NMOSD, neuromyelitis optic spectrum disorder; NMO, neuromyelitis optic; MS, multiple sclerosis; CTLs, controls; ARR, annualized relapse rate; EDSS, expanded disability status scale; UA, uric acid; CSF, cerebrospinal fluid; OCBs, oligoclonal bands; MRI, magnetic resonance imaging; SD, standard deviation; N/A, not available.

Study population characteristics NMOSD, neuromyelitis optic spectrum disorder; NMO, neuromyelitis optic; MS, multiple sclerosis; CTLs, controls; ARR, annualized relapse rate; EDSS, expanded disability status scale; UA, uric acid; CSF, cerebrospinal fluid; OCBs, oligoclonal bands; MRI, magnetic resonance imaging; SD, standard deviation; N/A, not available.

Biochemical assays

Lumbar punctures were performed under standardized conditions at the L3–L4 or L4–L5 interspace. Cerebrospinal fluid samples were collected and immediately aliquoted, and frozen at −80°C until further use. Blood samples were collected at the same visit time and analyzed. Cerebrospinal fluid and serum UA levels were measured using a Clinical Analyzer 7180‐ISE (Hitachi High‐Technologies, Tokyo, Japan) according to the manufacturer's instructions. Cerebrospinal fluid and serum albumin were quantified to calculate the CSF Albumin Index (CSF AI) as a validated marker for BBB integrity (Tibbling, Link, & Ohman, 1977). Albumin in CSF and serum was measured by routine automated laser photometry and the CSF/serum albumin ratio (CSF AI) was used to evaluate BBB disturbance (BBB index). CSF white blood cells (WBC), total protein concentration (TP), glucose (Glu), chloride (CL), NMO–immunoglobulin G (IgG), and the absence/presence of oligoclonal bands (OCB) were determined by the clinical laboratories at the Third Affiliated Hospital of Sun Yat‐sen University. The method of NMO‐IgG testing in serum was as described previously (Long et al., 2012).

MRI scanning

Brain, spinal cord, or optic nerve magnetic resonance imaging (MRI) scanning to detect NMOSDs was performed using a GE 1.5T MR scanner (General Electric, Milwaukee, WI, USA).
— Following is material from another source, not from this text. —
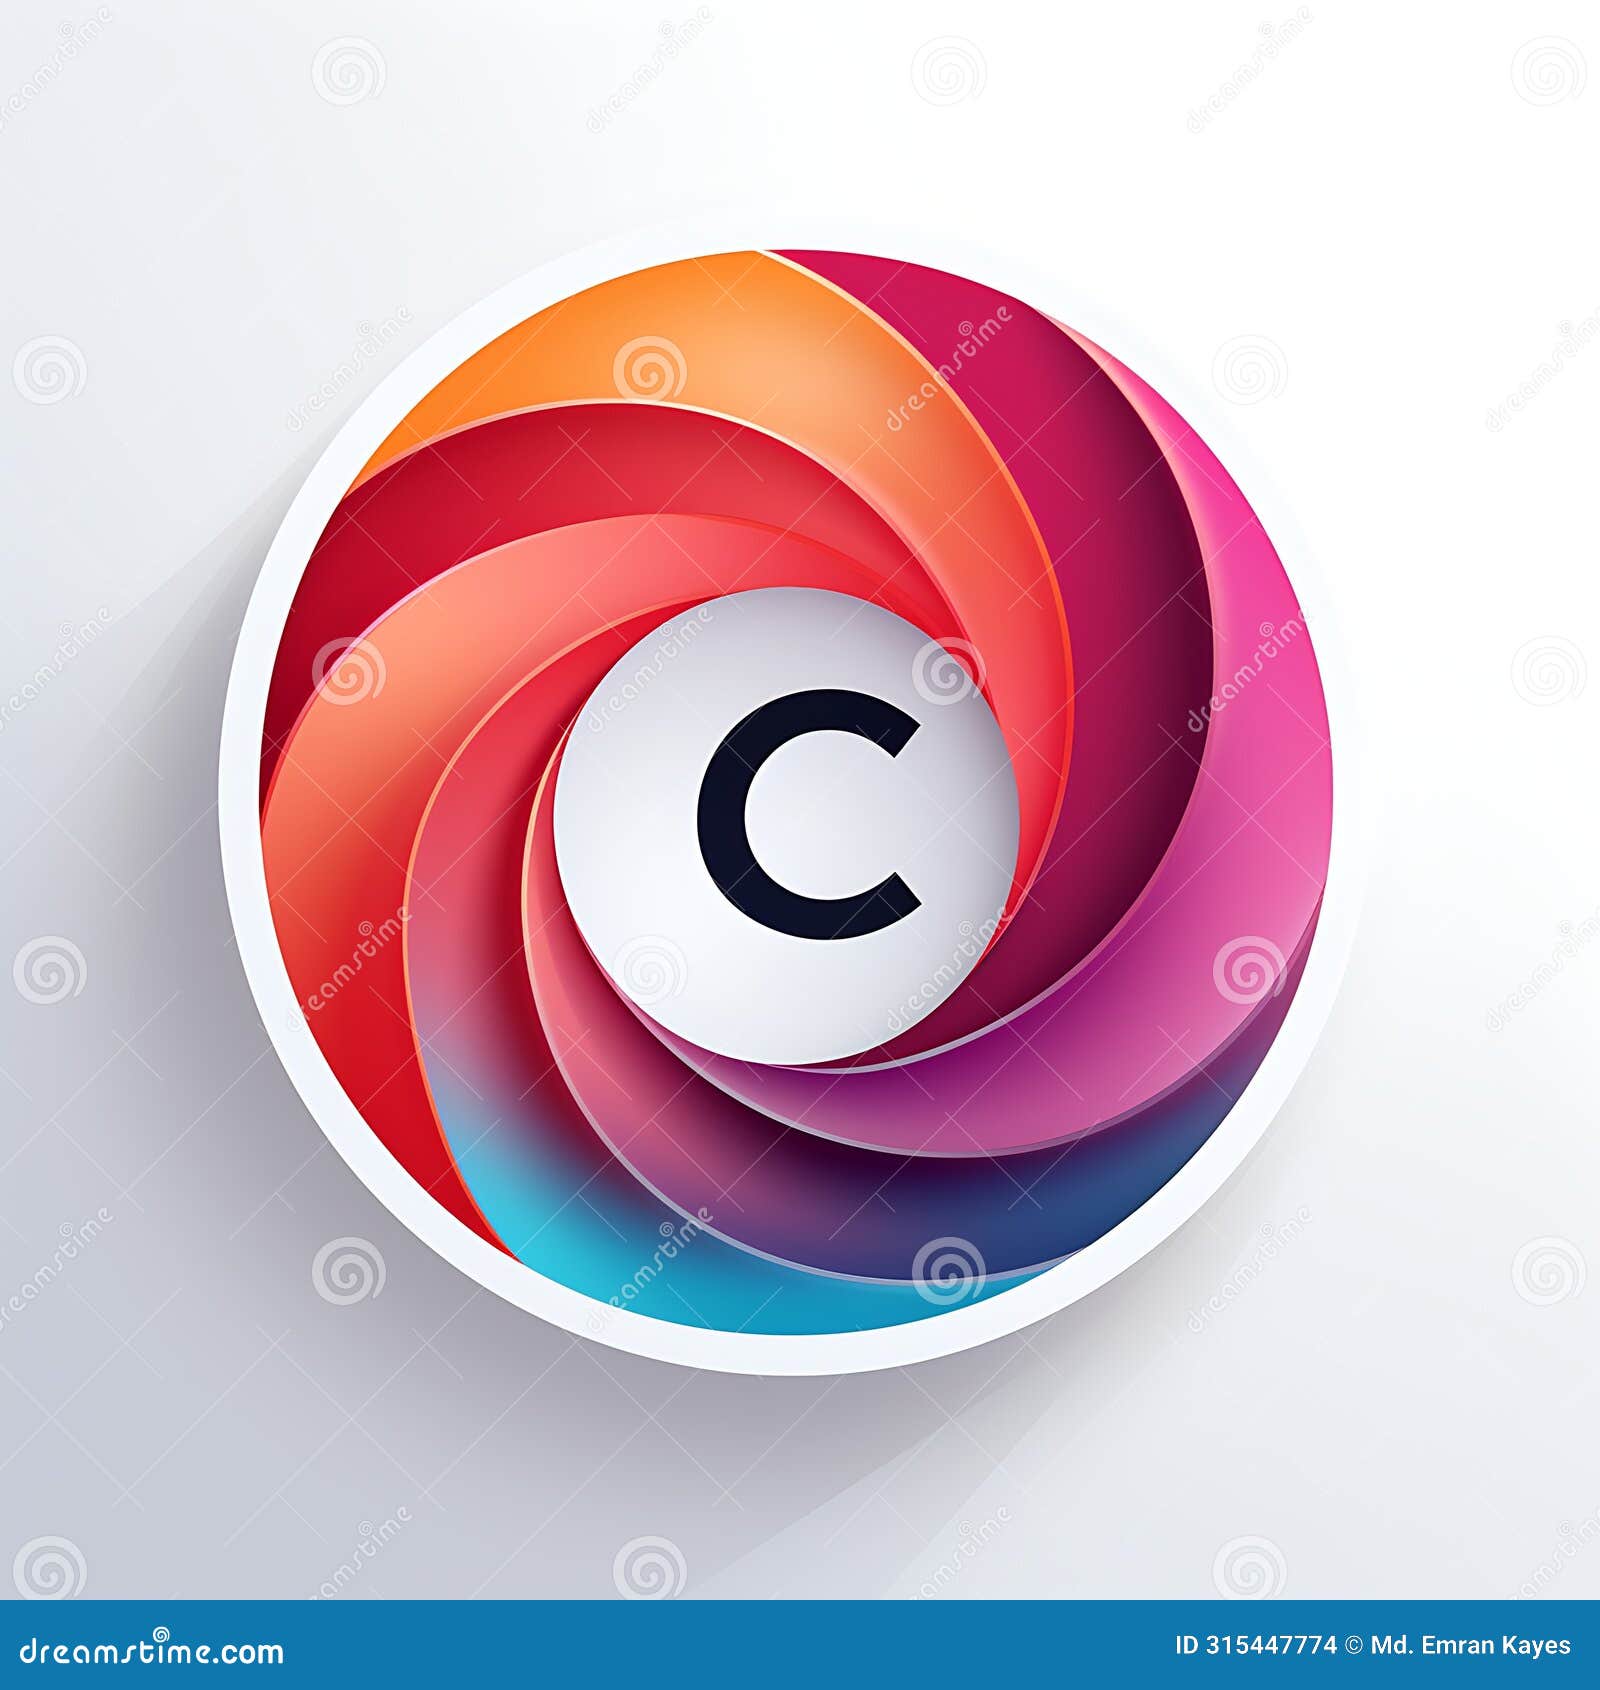 lettermark of letter c, company logo

The conventional MRI protocols were described in our previous paper (Zhang et al., 2014). Gadopentate dimeglumine (Gd‐DTPA) was intravenously administered at a dose of 0.1 mmol/kg, and at about 15 min after contrast injection, the T1‐weighted sequence was repeated. Patients were considered active upon MRI if there were one or more enhancing lesions in the T1‐weighted spin echo images after Gd‐DTPA injection. Lesion number and location were measured on axial sections with T2‐FLAIR sequences.

Statistical analysis

Data are presented as mean ± SD or median with range. Differences in CSF and serum UA levels between NMOSDs and controls were analyzed by t‐tests. An independent t‐test was performed using the mean difference in CSF UA levels among subgroups of BBB integrity (intact, CSF AI < 9.0; impaired, CSF AI ≥ 9.0), gender, disease duration (≤12 months, >12 months), annualized relapse rate (ARR), disease activity, brain or spinal cord lesions upon MRI, and EDSS score. Correlations between CSF UA levels and age, serum UA levels, and CSF AI were analyzed using the Pearson test, and correlations between CSF UA levels and disease duration, EDSS score, CSF routine, and disease activity on MRI were analyzed using the Spearman's rank test. Multiple regression analysis using a stepwise method was performed to identify factors affecting CSF UA levels. A p < 0.05 was considered statistically significant. All statistical analyses were performed using SPSS 16.0 (SPSS Inc., Chicago, IL, USA).

Results

Patient demographic characteristics are presented in Table 1. In NMOSDs, the ratio of female to male was 29:9, the disease age of onset was 38.2 (range 17–65) years, the mean duration of disease was 23.9 (range 0.3–192) months, ARR was 0.8 (range 0.25–3.5), and mean EDSS score was 4.2 (range 1–8.5). Additionally, positive OCB in the cerebrospinal fluid was 23.7% and serum NMO‐IgG was 55.3% in the NMOSDs patients (seropositive NMO‐IgG was 71.4% [15/21] in NMO, 33.3% [2/6] in recurrent optic neuritis, 42.9% [3/7] in Asian optic‐spinal MS, 50% [1/2] in optic neuritis associated with systemic autoimmune disease, 0% [0/2] in optic neuritis associated with brain lesions typical of NMO). As showed in Table 1 and Fig. 1, compared with CTLs (4.55 ± 1.96 μmol/L), CSF UA levels were significantly increased in the NMOSDs patients (6.71 ± 3.17 μmol/L, p = .002) (Fig. 1A). However, there was no significant difference in serum UA levels between NMOSDs and CTLs (231.2 ± 79.16 vs., 213.0 ± 57.0 μmol/L, p = .277) (Fig. 1B).
Figure 1

CSF UA and serum UA in NMOSDs and contols. CSF UA levels were significantly increased in the NMOSDs patients compared with CTLs (p=0.002, A). And serum UA differences between NMOSDs and CTLs were not statistically significant (p=0.277, B)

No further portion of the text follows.